> _COLLECTED MATERIAL_:
____
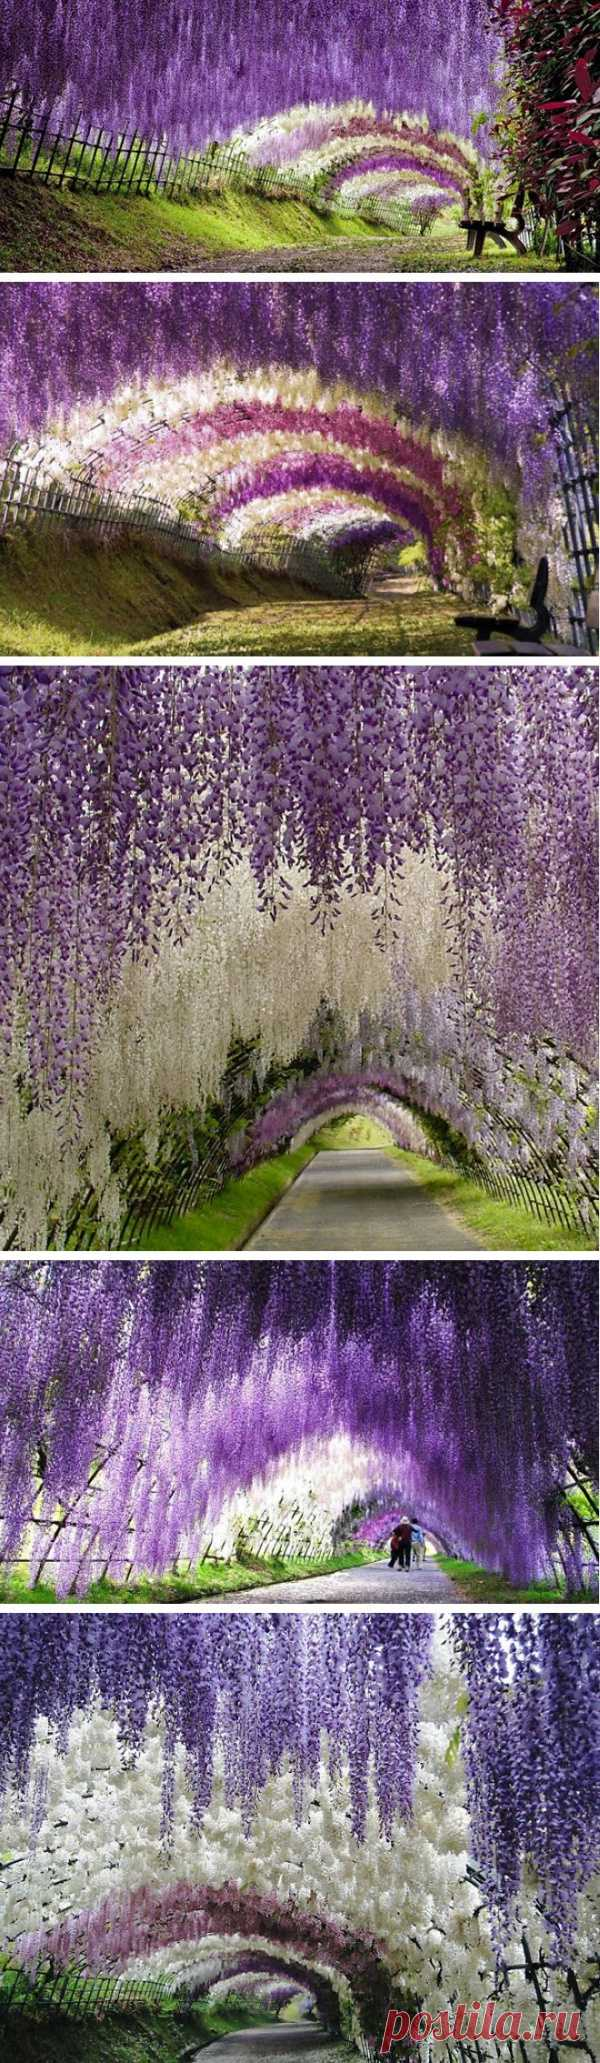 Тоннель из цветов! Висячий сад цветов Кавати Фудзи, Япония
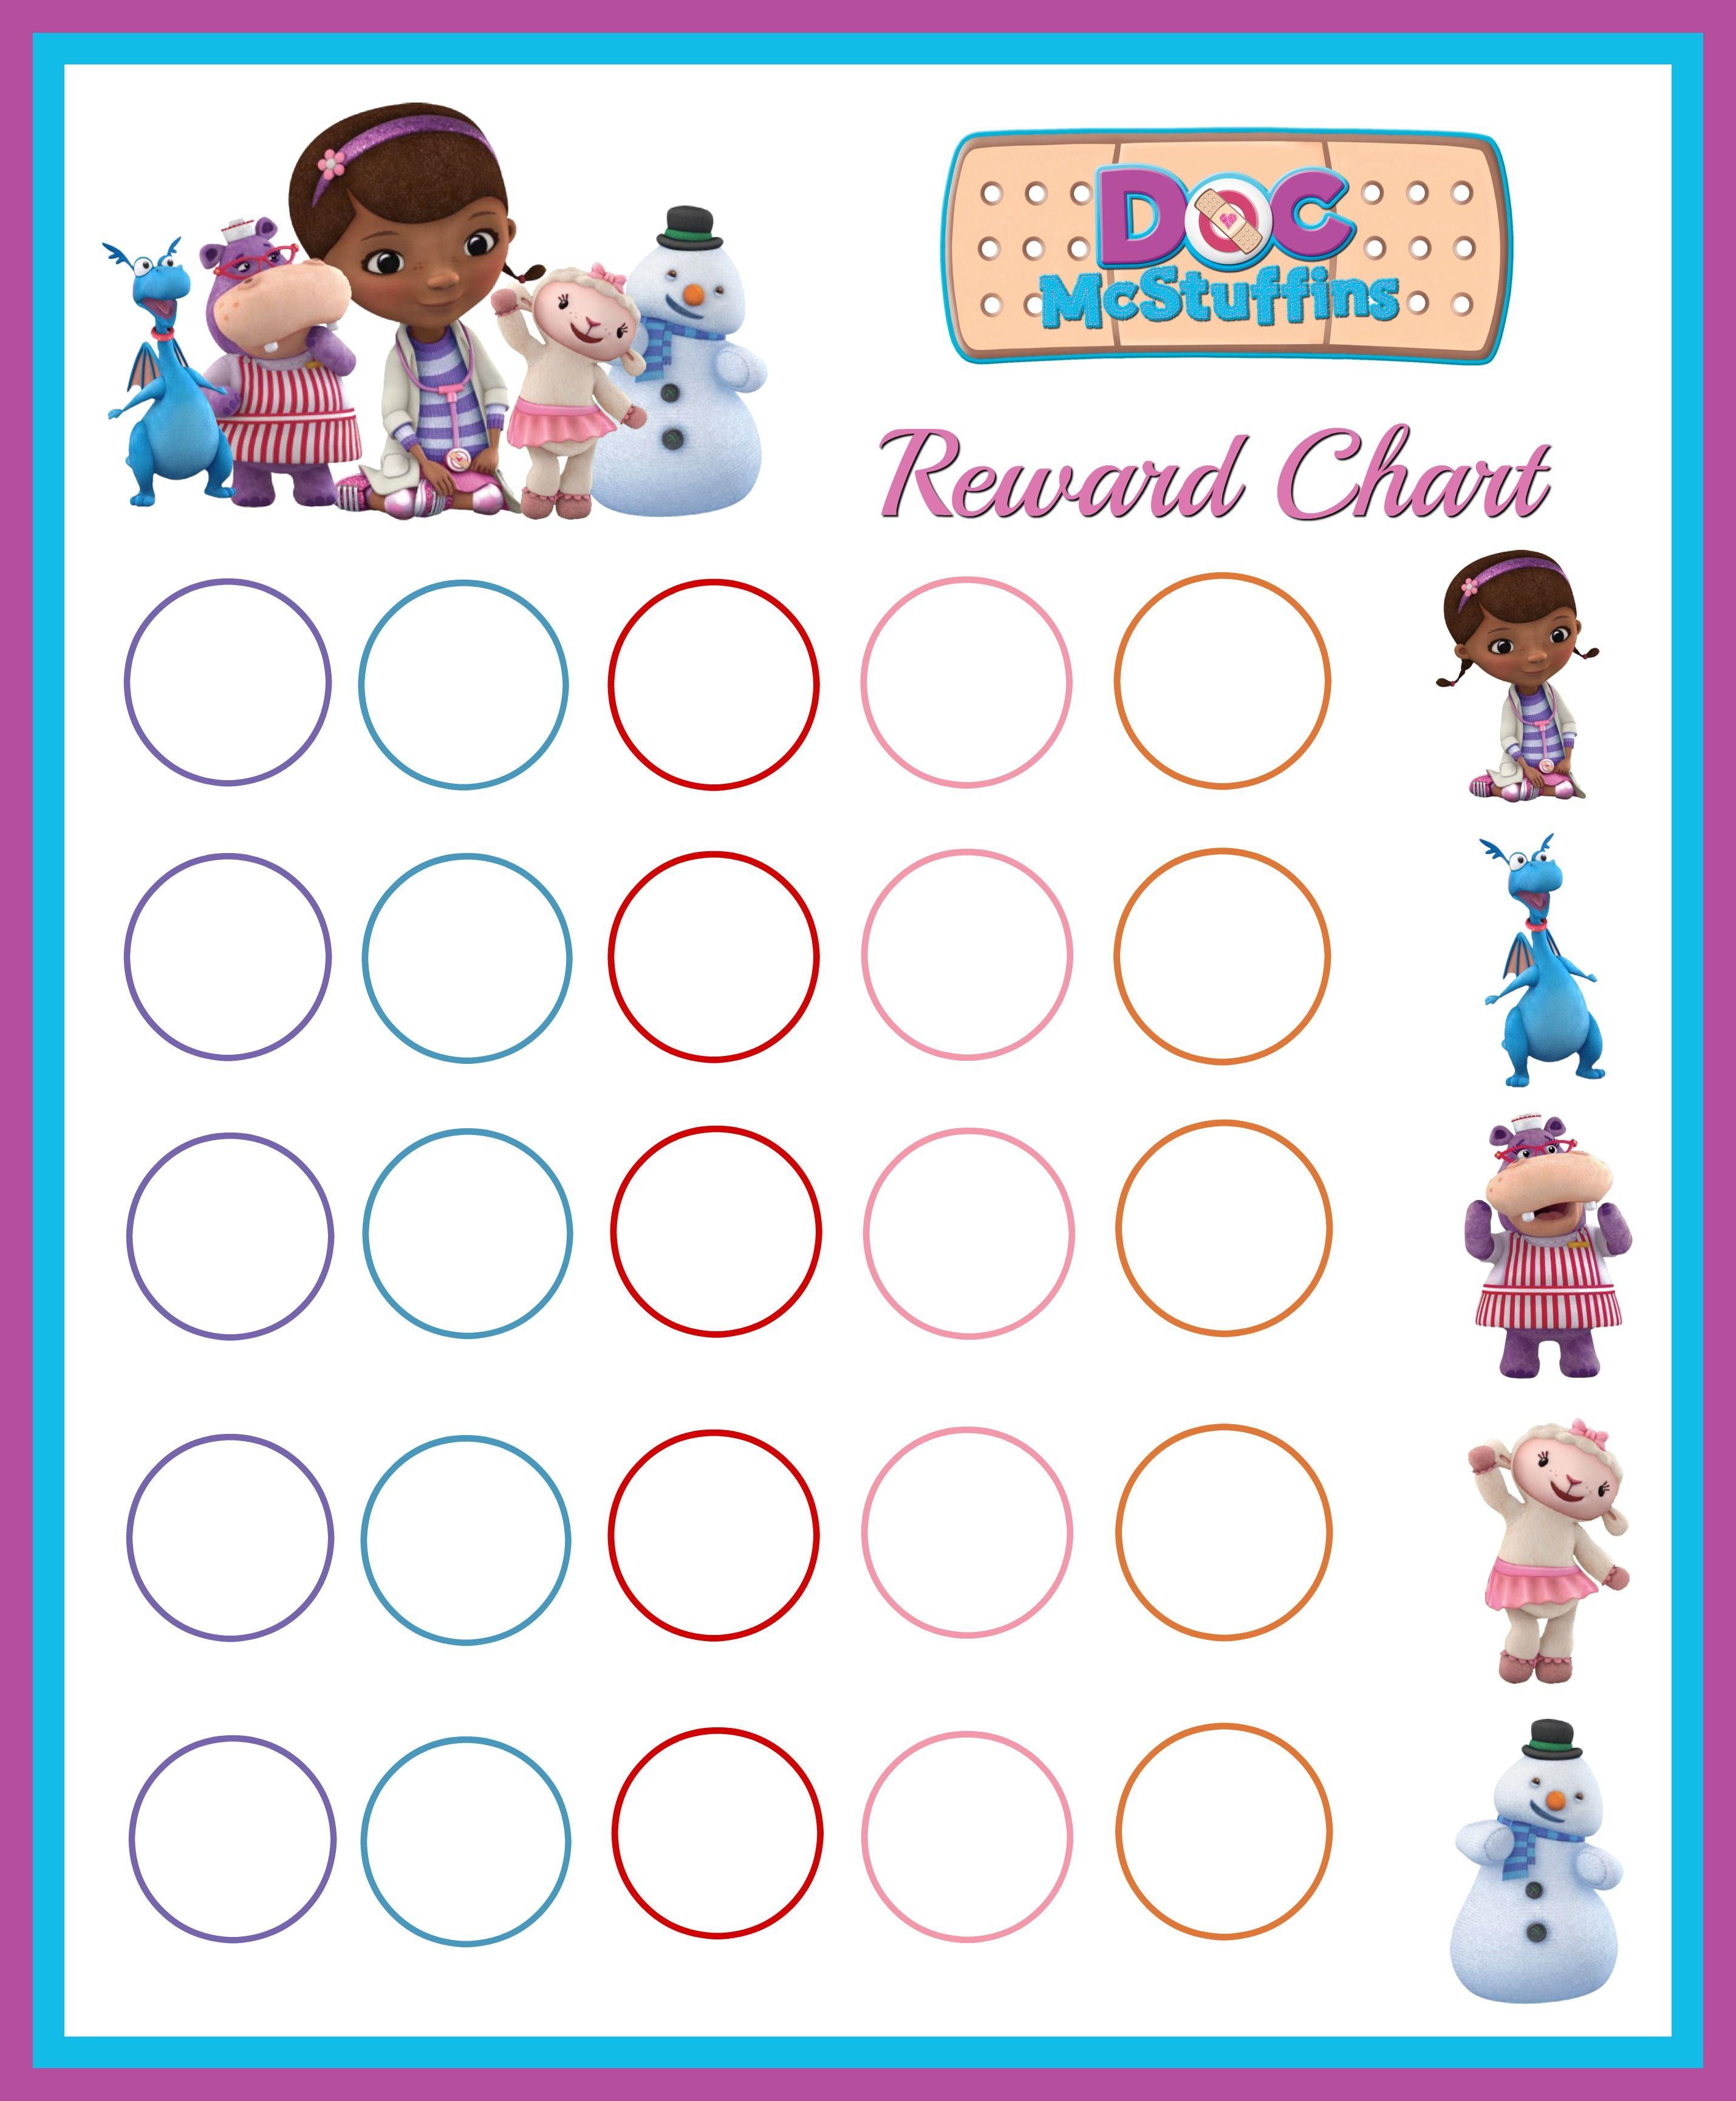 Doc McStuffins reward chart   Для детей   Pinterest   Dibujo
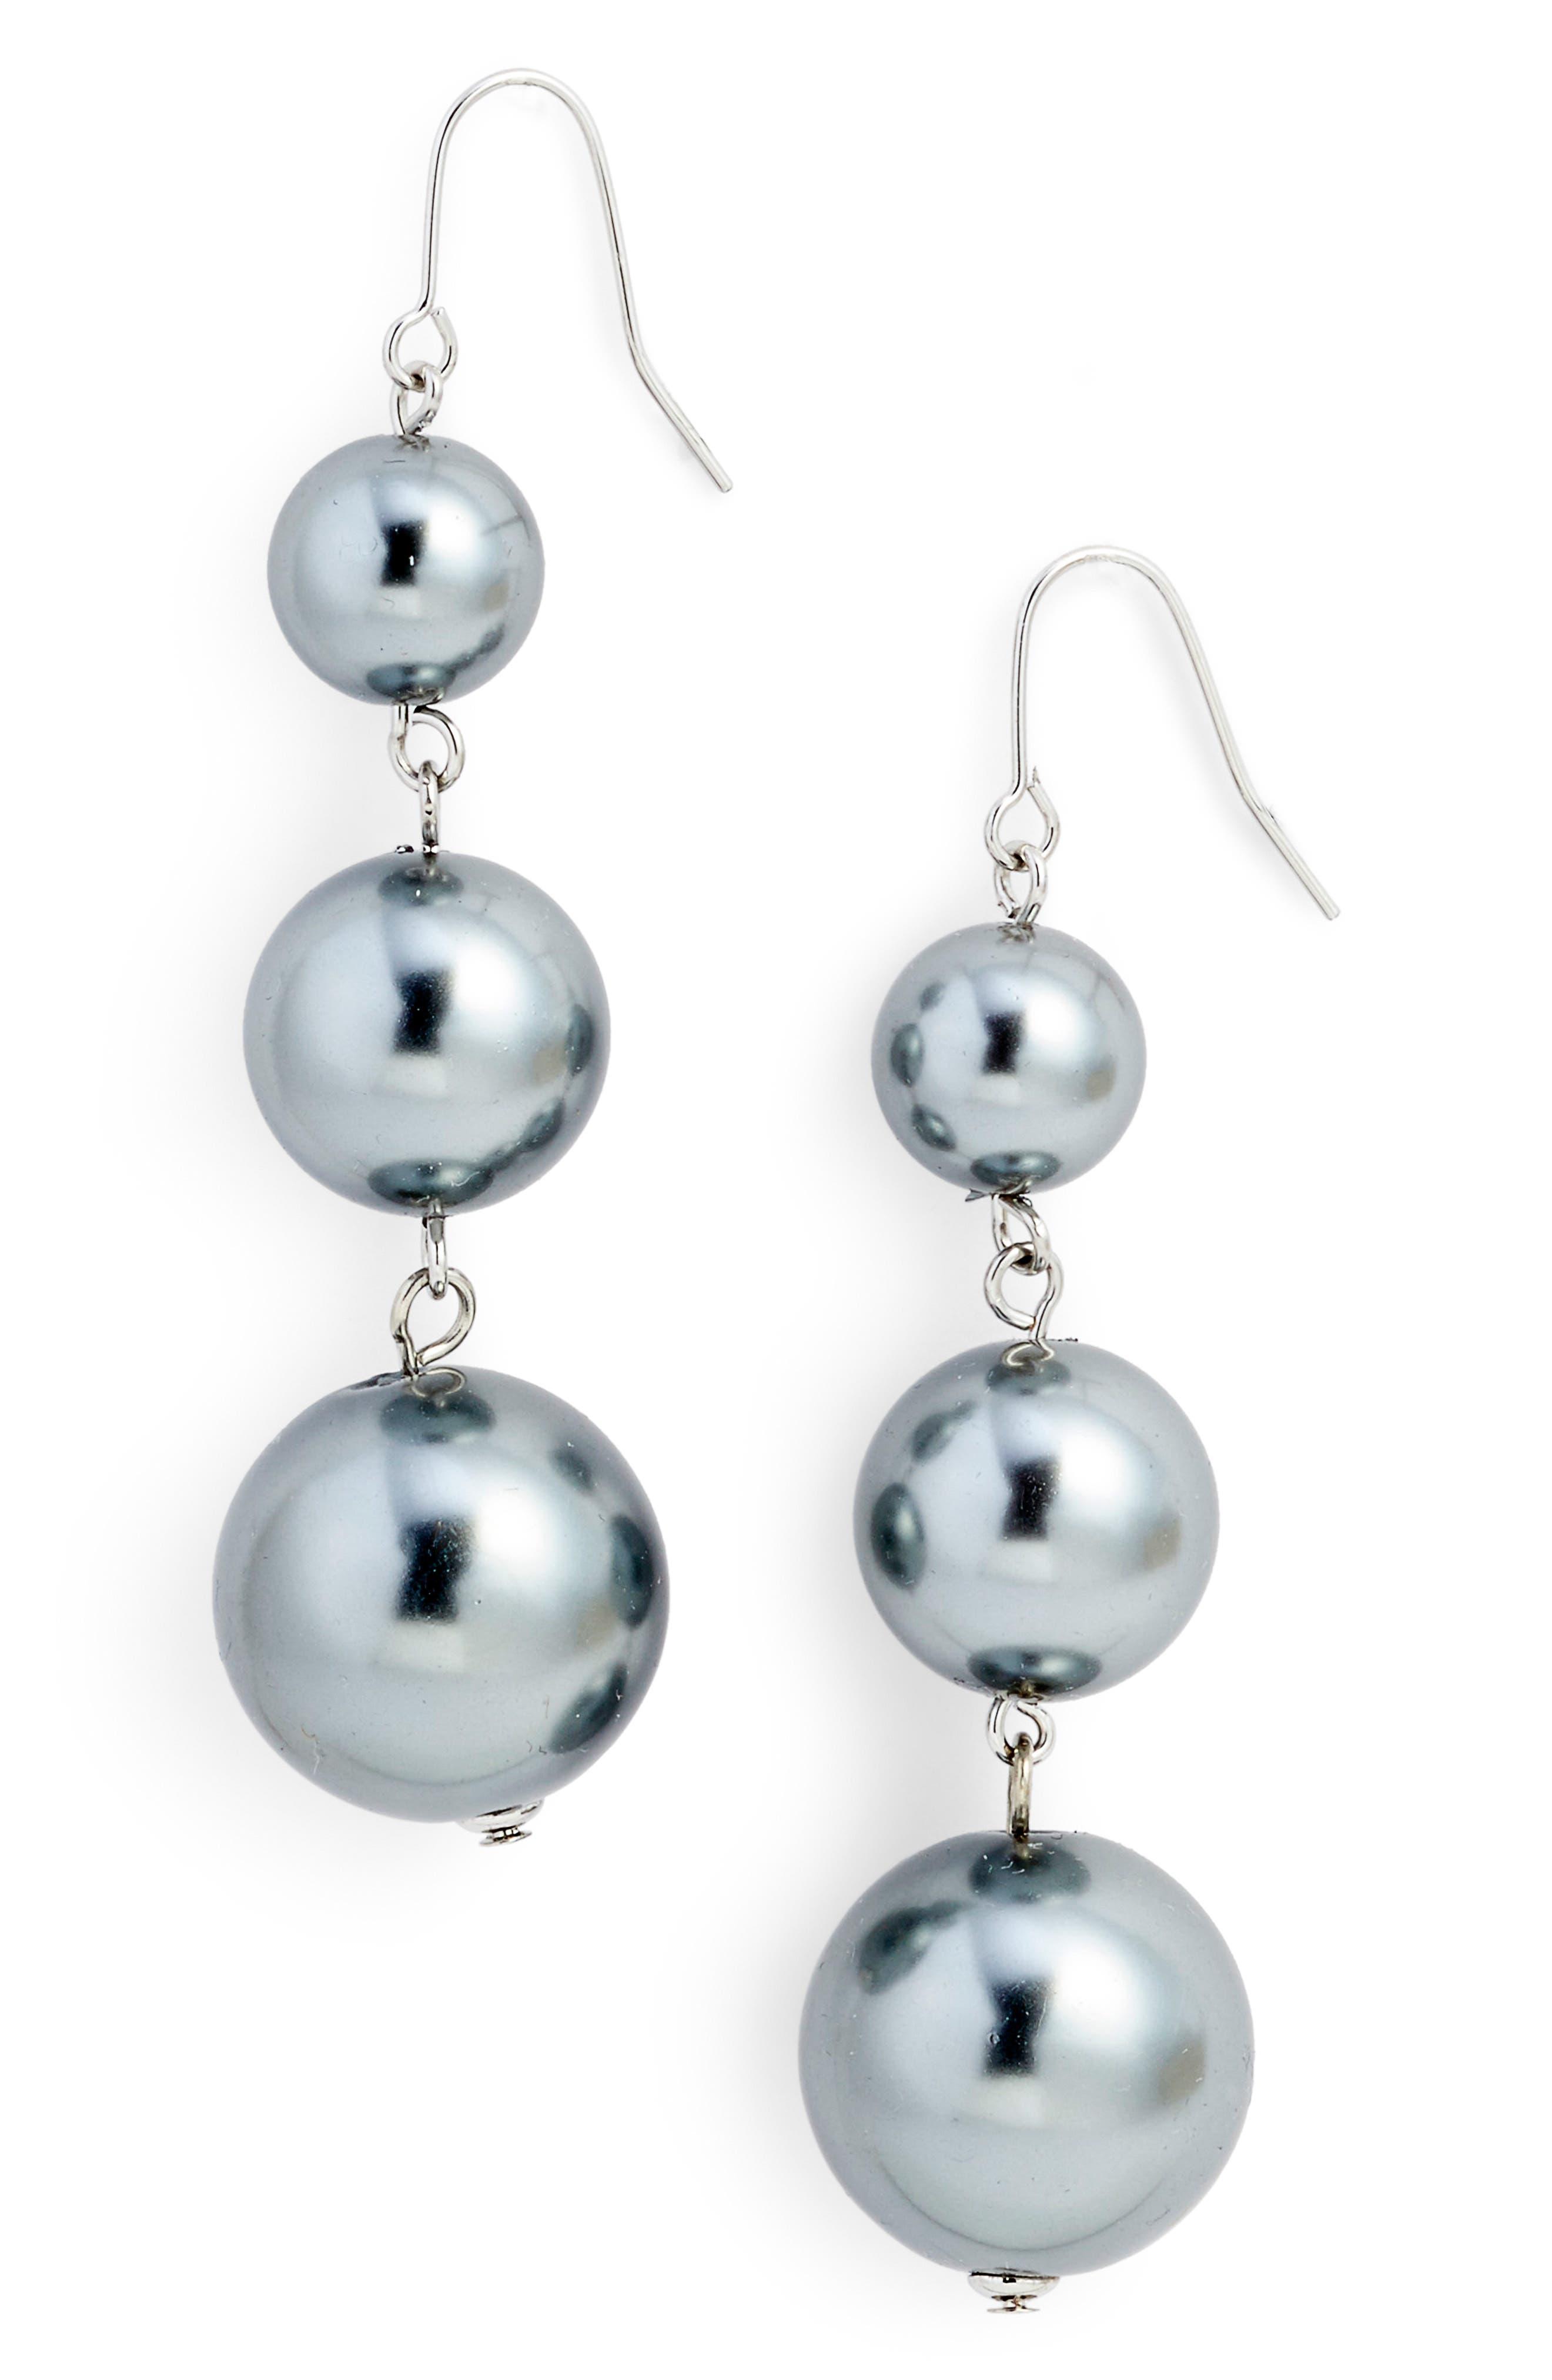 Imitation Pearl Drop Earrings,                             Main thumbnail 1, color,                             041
____
> _PROBLEM DESCRIPTION_:
Write out, word for word, only the lines from the one containing "Doc McStuffins reward" to the end of the data above; the pictures stay out.

> _RESULT_:
 Doc McStuffins reward chart   Для детей   Pinterest   Dibujo
 Imitation Pearl Drop Earrings,                             Main thumbnail 1, color,                             041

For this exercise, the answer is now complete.